Guides to Programming Languages & Related Topics



Personal Home Page (PHP)

Started as a personal web project by Rusmus Lerdorf in 1994. The original acronym PHP stood for Personal Home Page. At the time web programmers used either C or Perl. Finding Perl too slow, and C to cumbersome to create web pages, Lerdorf wanted to provide means to generate web pages easily by separating the web content (HTML, styles) from the programming code. He designed PHP as a scripting language specifically to generate dynamic web pages.

Scripting inside the web page

PHP permitted web developers to add to thier HTML web pages PHP scripting which was processed via the web server. Typically the PHP interpreter is integrated as a web server module.
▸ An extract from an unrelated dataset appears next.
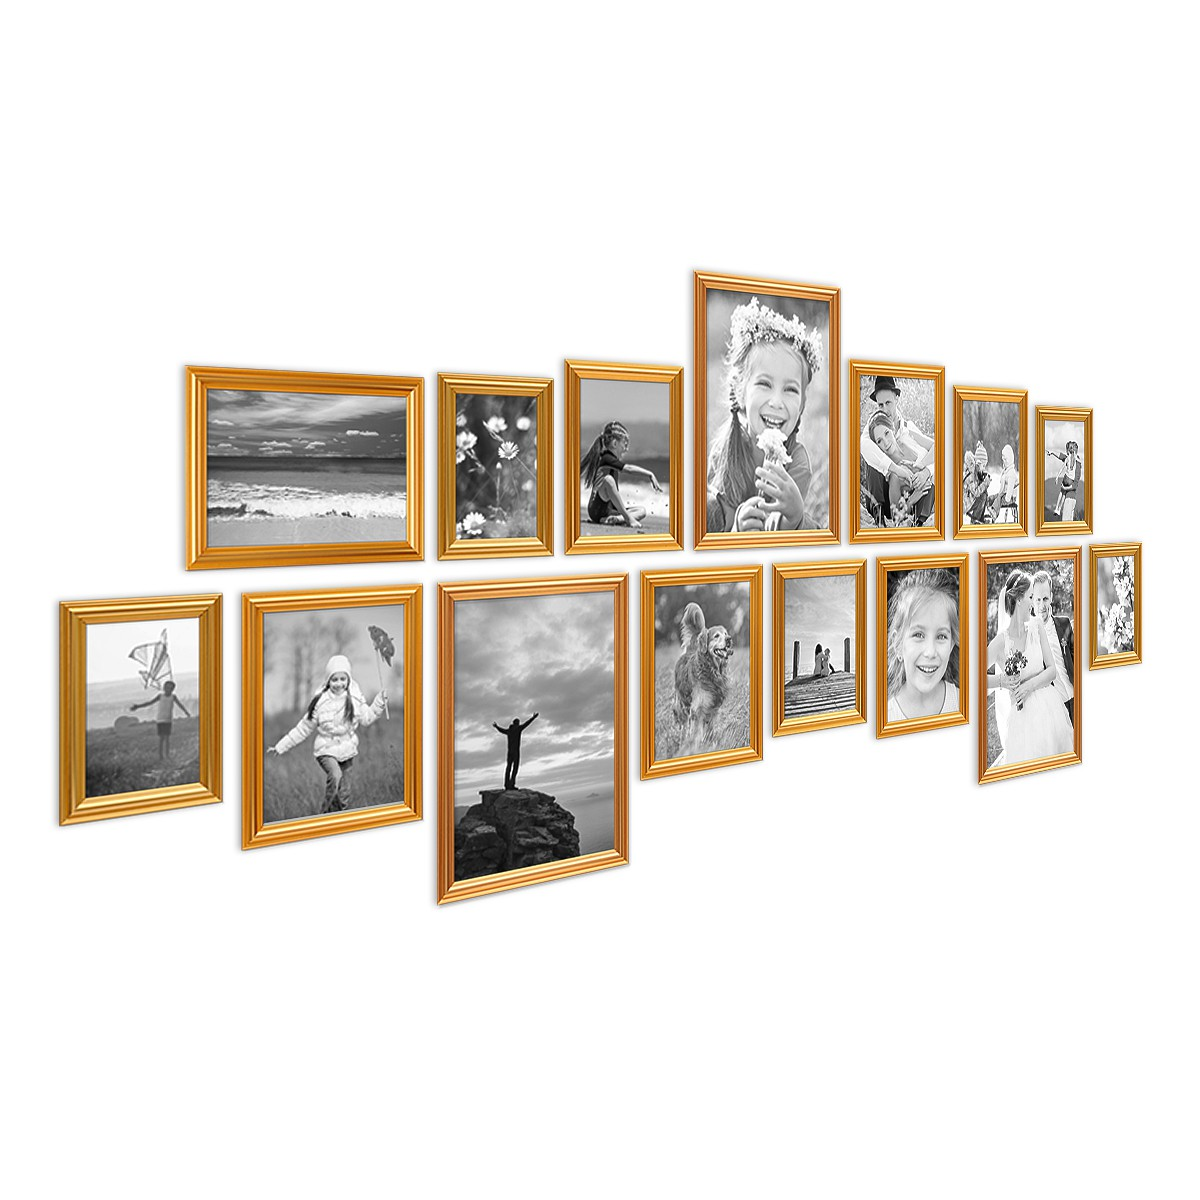 15er Bilderrahmen-Set Gold Barock Antik aus Kunststoff inklusive ...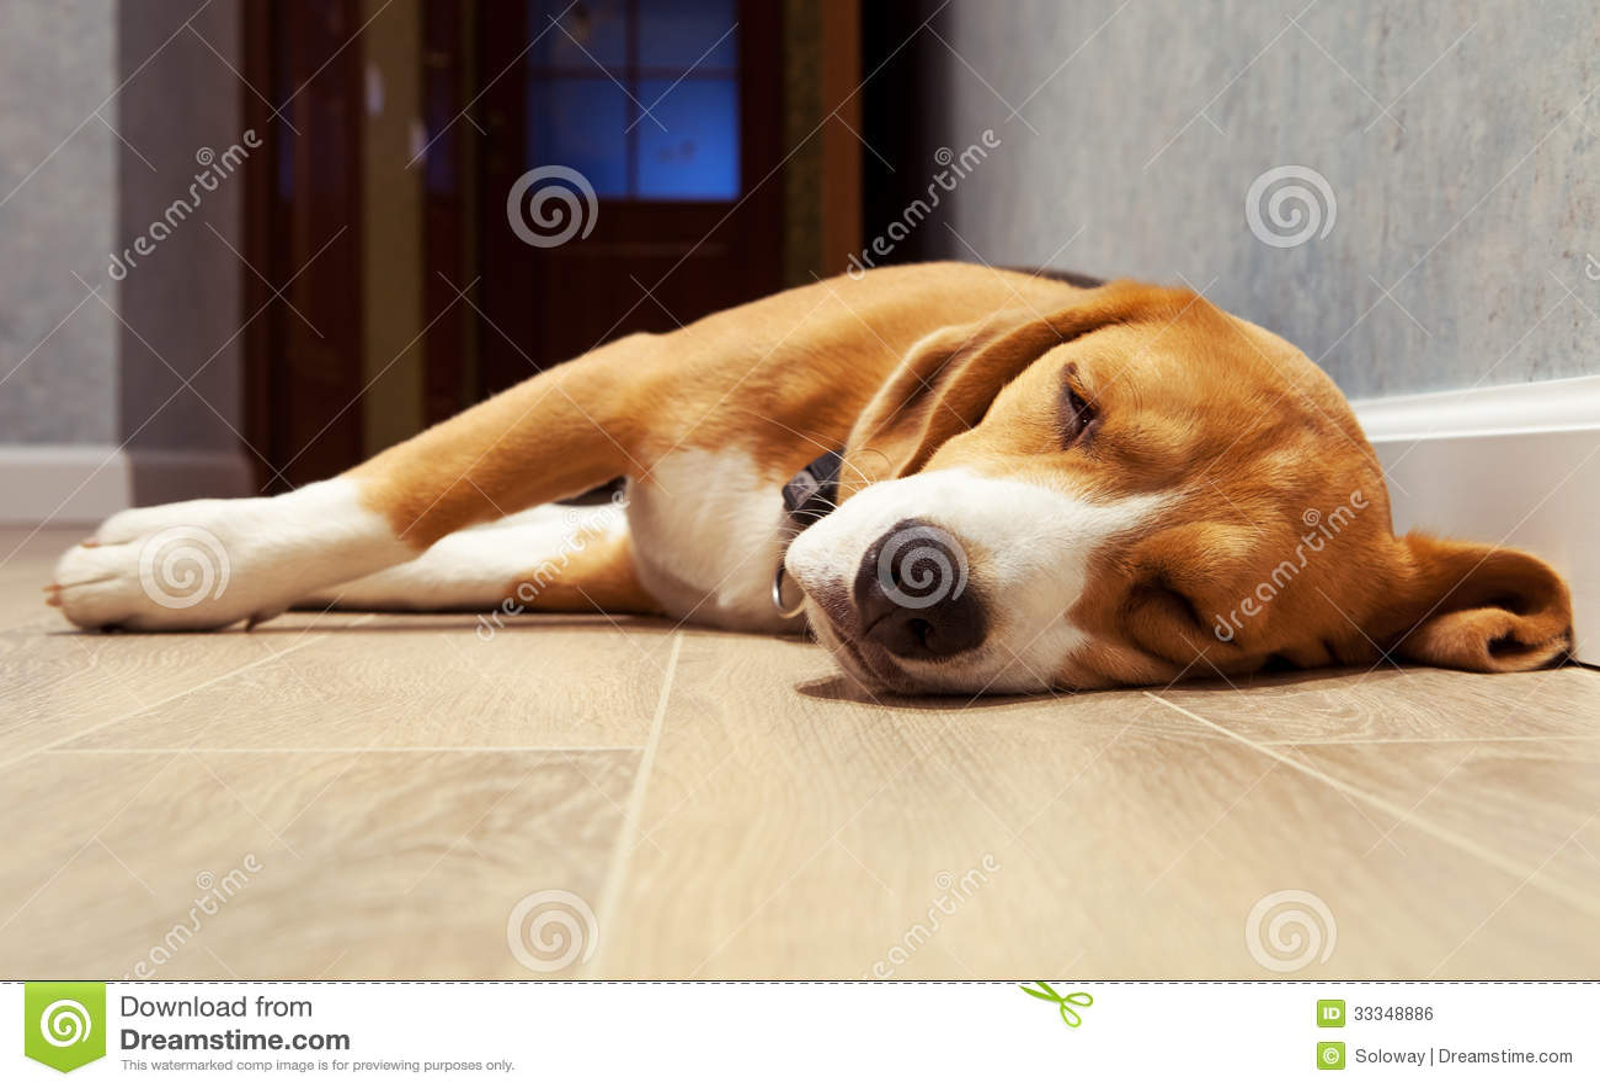 Sleeping Beagle Dog On The Wood Floor Royalty Free Stock

The PHP code generates new (or dynamic) web content to the web page which is then sent to the browser. Incidentally, the web page you are reading now was generated by PHP. Writing PHP was easier for web developers, some of whom had little or no exposure to programming.

A PHP scenario

A user enters their name and password onto the web page, then clicks on the Login button. Clicking the button actions a request sent across the internet to the web site. At the site, the web server handles all web traffic. It has PHP linked to it, so if the server finds any PHP scripting in the web page it calls the PHP module to process it. PHP makes a authenticated user request to the database (mySQL, SQL Server, Oracle etc). The database searches for the login name and associated password exist and match each other. PHP receives the response from the database, and either outputs the login page or sends the login page with a message to try again. Any web output from PHP is sent via the web server.


LAMP is an acronym for Linux, Apache, MySQL and PHP. All this software are open source products which work well together for web development. The combination is attractive as no license fees required to use open-source software. The 'P' in LAMP can sometimes stand for Perl or Python.

Programmer support

PHP is familiar to C and Perl programmers. PHP itself is written in C. PHP has good library support, with particular emphasis on web related functions (database, web services, ftp, email). PHP (now on version 5) has evolved over time, now has additional programming features such as object orientation, and improved performance.